• [THE TASK]: Your output should be everything below from the line containing "Waschbecken und Anhänger" down to the line containing "Klettergurt Für Gletscher", both ends included, copied exactly, with pictures left out.
[[ RECORDS PROVIDED, beginning ]]
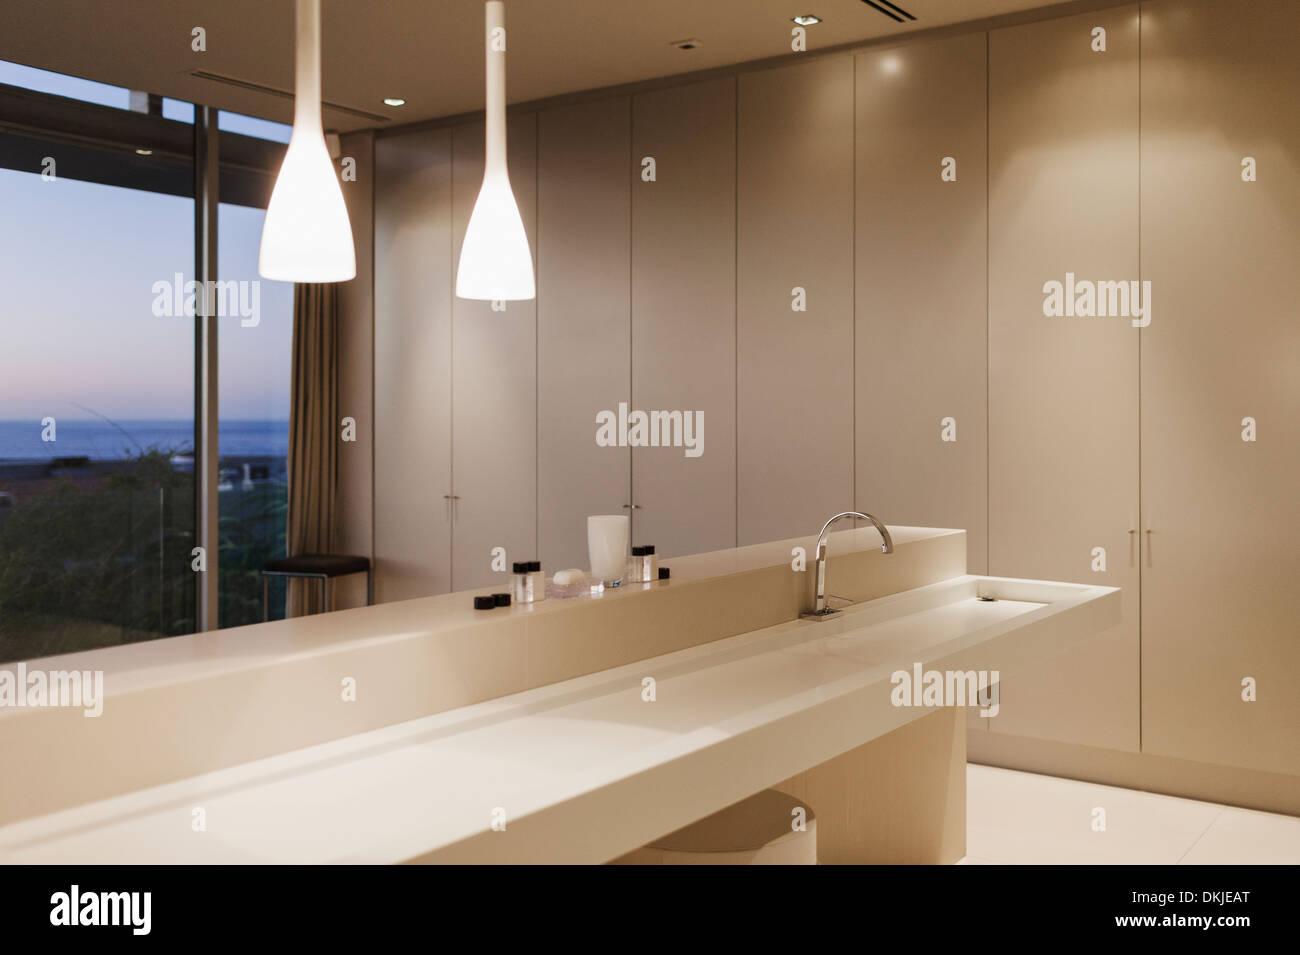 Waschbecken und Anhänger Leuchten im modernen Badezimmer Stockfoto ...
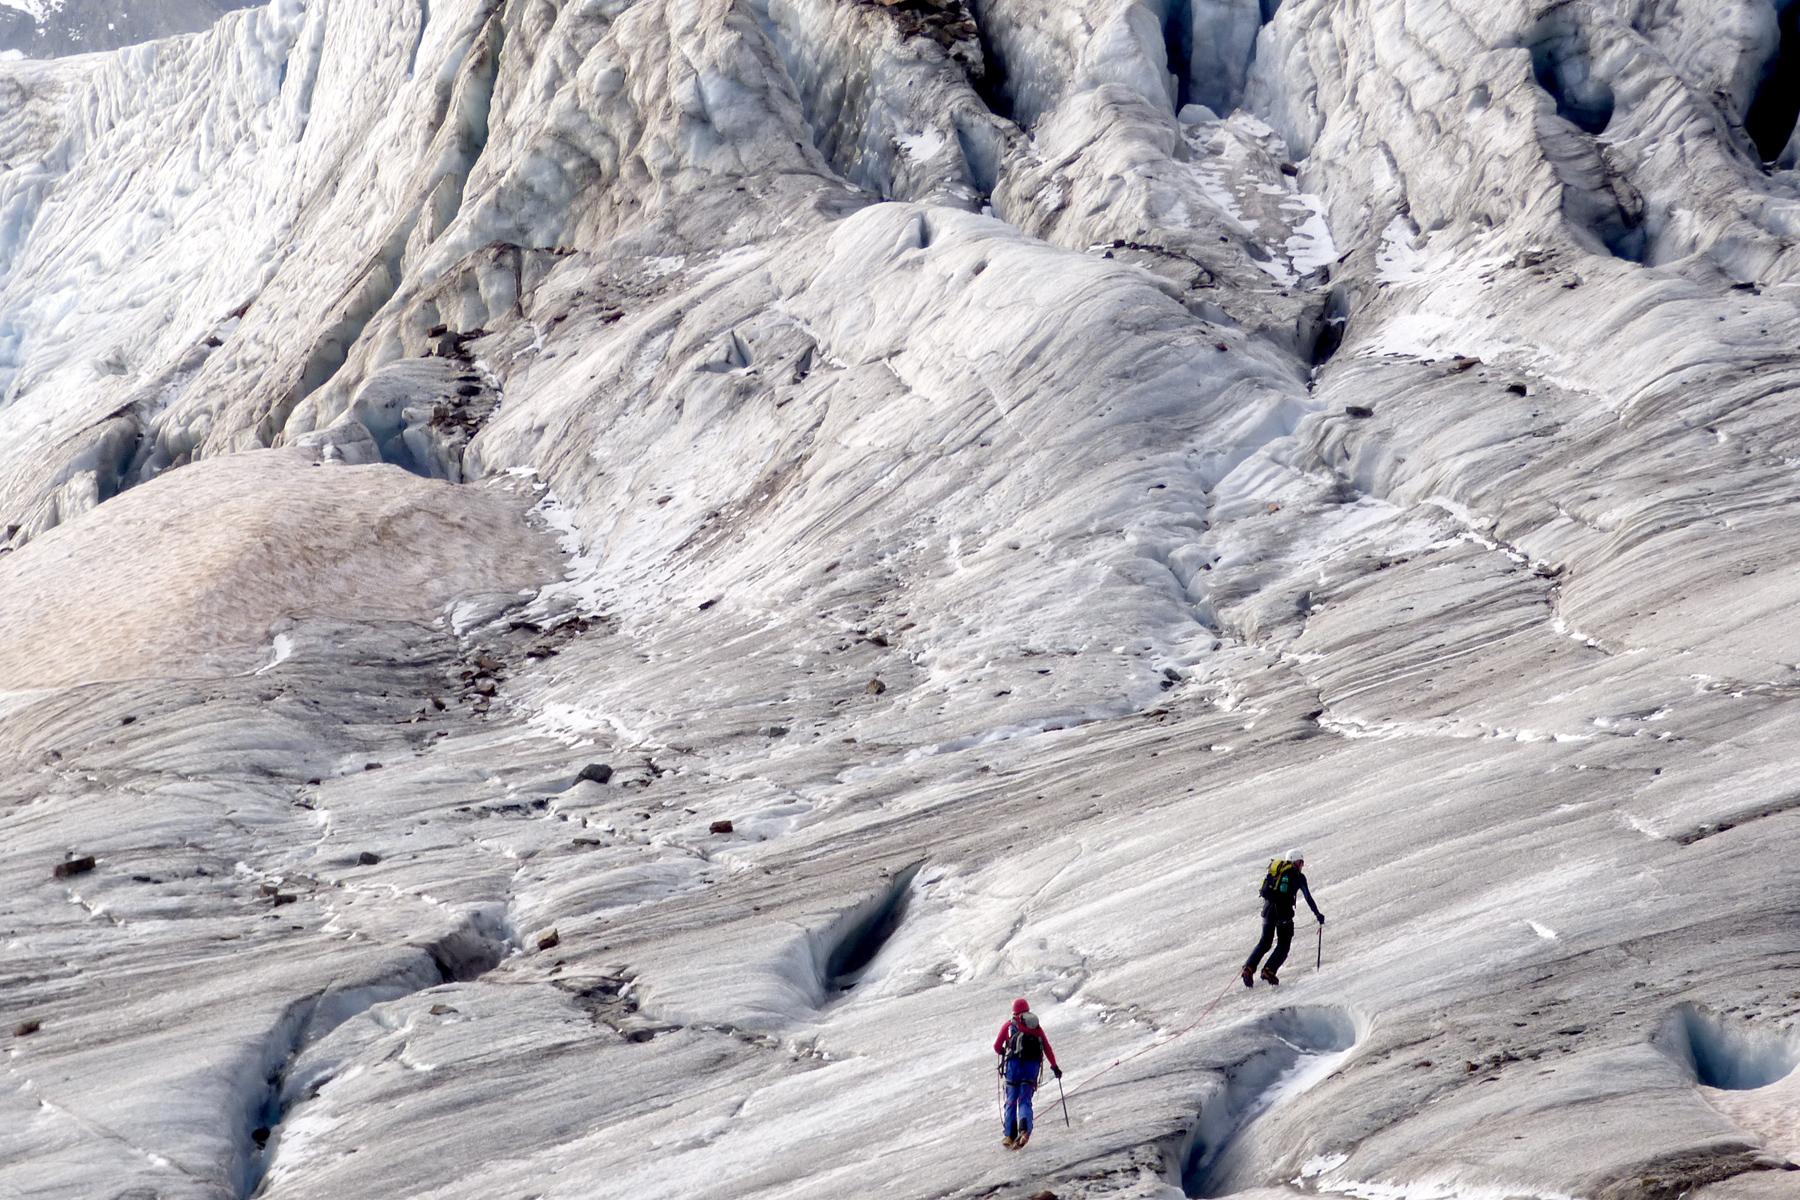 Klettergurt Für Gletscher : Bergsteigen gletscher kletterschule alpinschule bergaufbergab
[[ RECORDS PROVIDED, end ]]
[[ RECORDS PROVIDED, beginning ]]
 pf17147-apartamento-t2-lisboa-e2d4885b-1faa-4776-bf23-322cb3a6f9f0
[[ RECORDS PROVIDED, end ]]
[[ RECORDS PROVIDED, beginning ]]
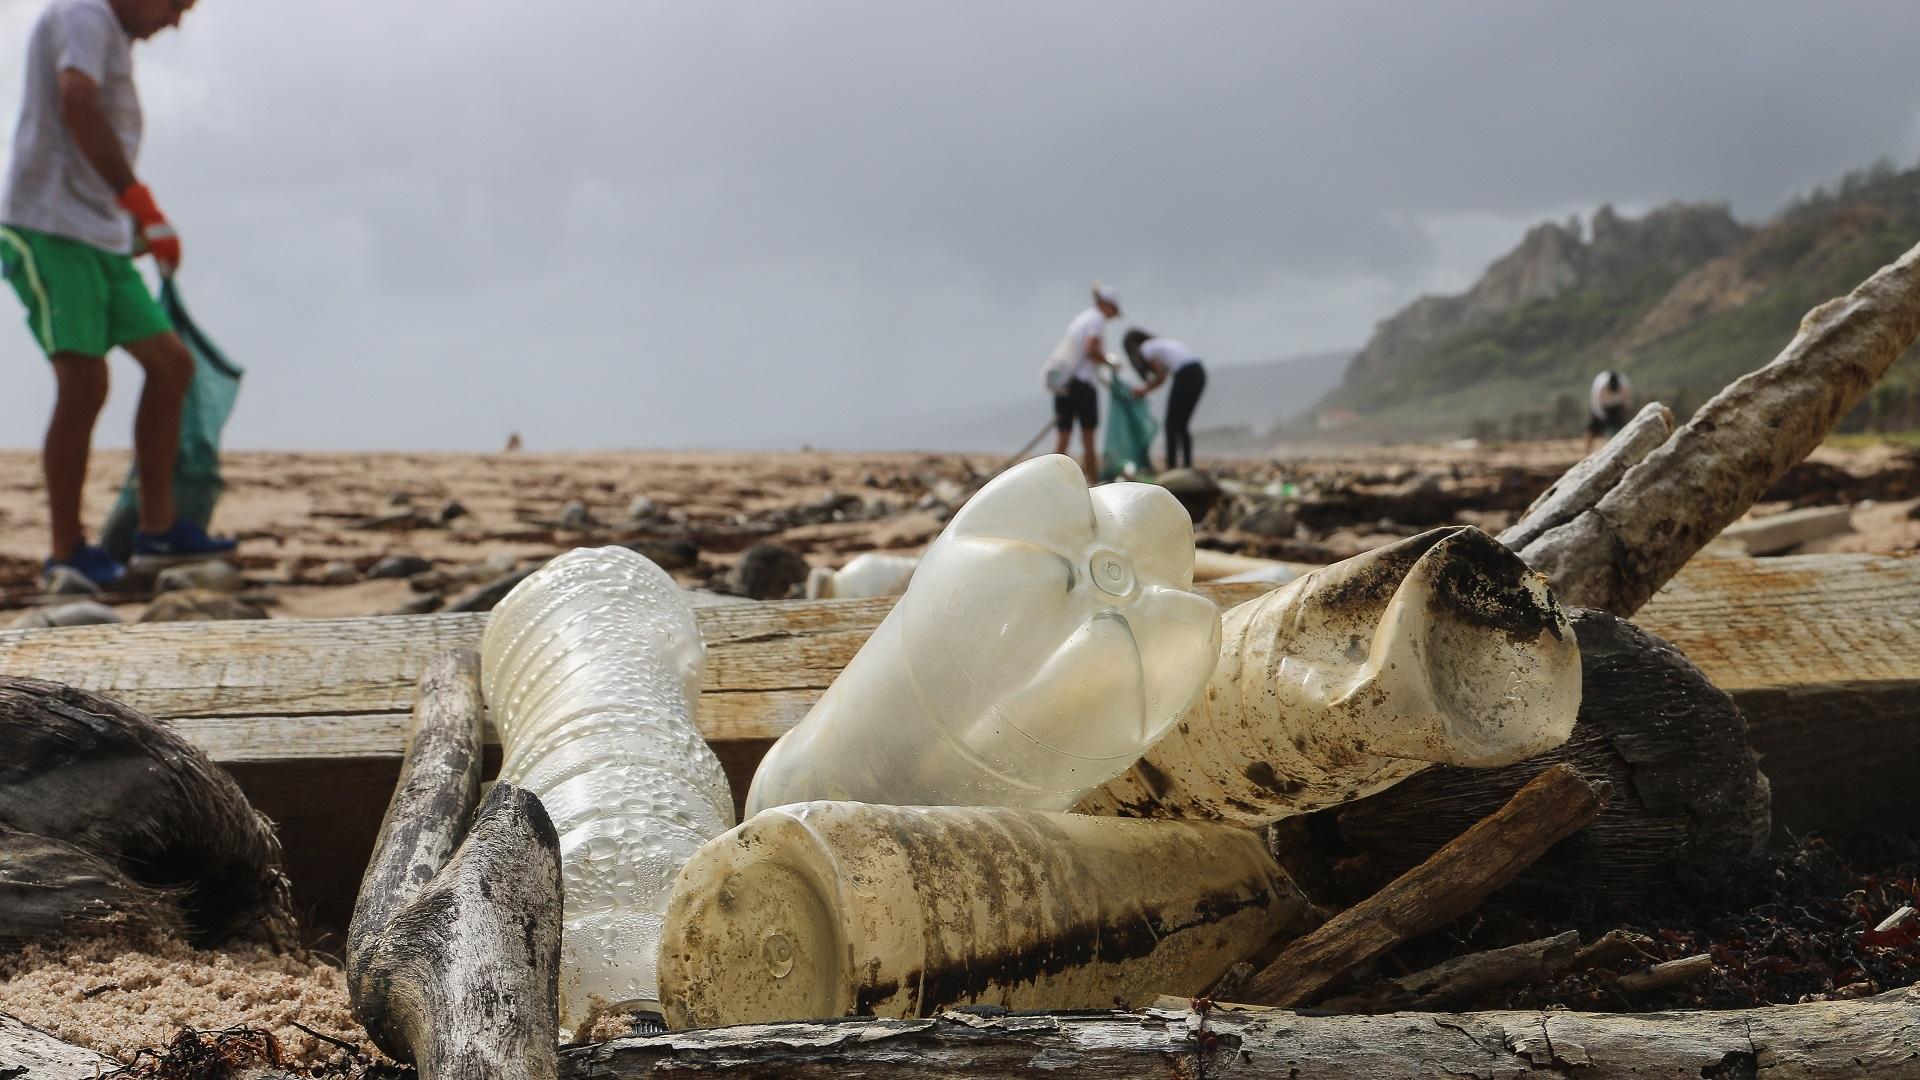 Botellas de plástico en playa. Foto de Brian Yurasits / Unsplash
[[ RECORDS PROVIDED, end ]]
• [RESPONSE TO THIS EXERCISE]:
 Waschbecken und Anhänger Leuchten im modernen Badezimmer Stockfoto ...
 Klettergurt Für Gletscher : Bergsteigen gletscher kletterschule alpinschule bergaufbergab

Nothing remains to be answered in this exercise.